Não se trata de uma discussão direta acerca desse estado de coisas. Antes, trata-se de discutir o que subsiste a isso. Se a linguagem, em sua multiplicidade, pressupõe acordos sobre os usos que fazemos dos signos, talvez não seja demais supor que a impossibilidade desses acordos seja também o sintoma de uma outra coisa: sem o acordo sobre o uso de determinadas palavras, é fato que a vida corre riscos.
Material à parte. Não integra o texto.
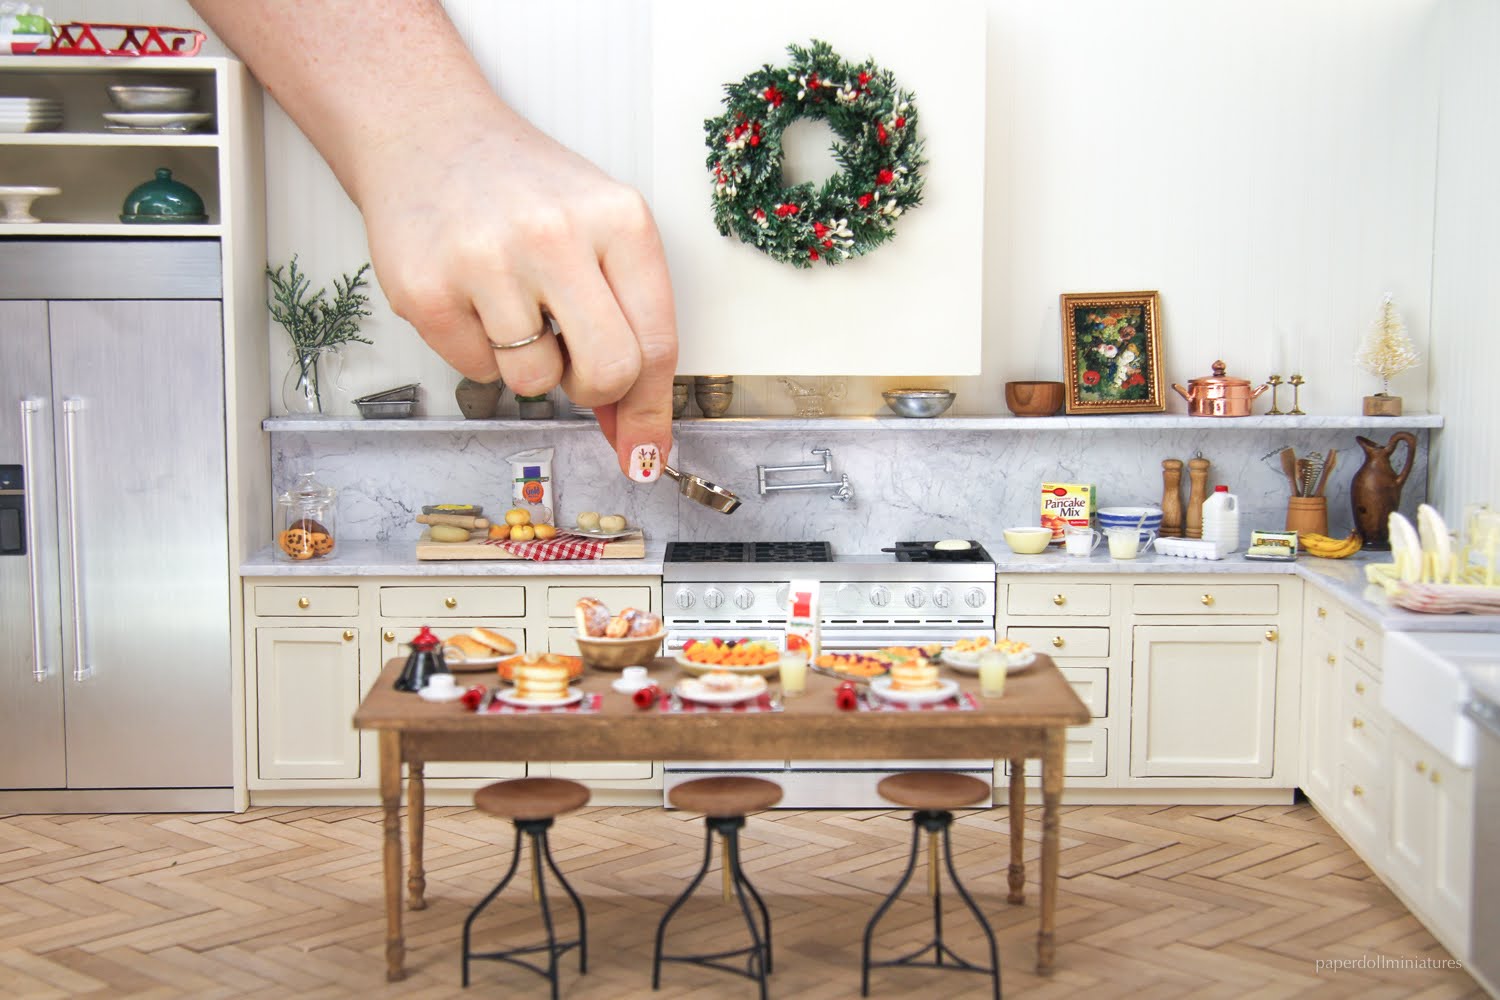 DIY Dollhouse Christmas Decorations Cupboard - Miniatures

Se esse fim de linha não começa na linguagem, não será demais dizer que a linguagem é o meio pelo qual deslizam nossas apostas e chances. O que se diz quando se diz justiça, vida, morte?

O teatro como “arte pública” tem o tamanho da vida pública em uma sociedade. No Brasil, a violência permanece estrutural e estruturante, produzindo continuadamente dinâmicas de dessolidarização, reduzindo o corpo, tantas vezes, ao cadáver. Importa, então, interrogarmos ainda sobre o valor de uso do encontro. Há dois anos talvez 12

soasse retórico dizer: a finalidade do encontro é o encontro. Hoje, encontrar implica, definitivamente, uma disposição política para o convívio, numa sociedade em que o convívio parece muitas vezes da ordem do impossível. Neste caso, qual o valor de uso do impossível?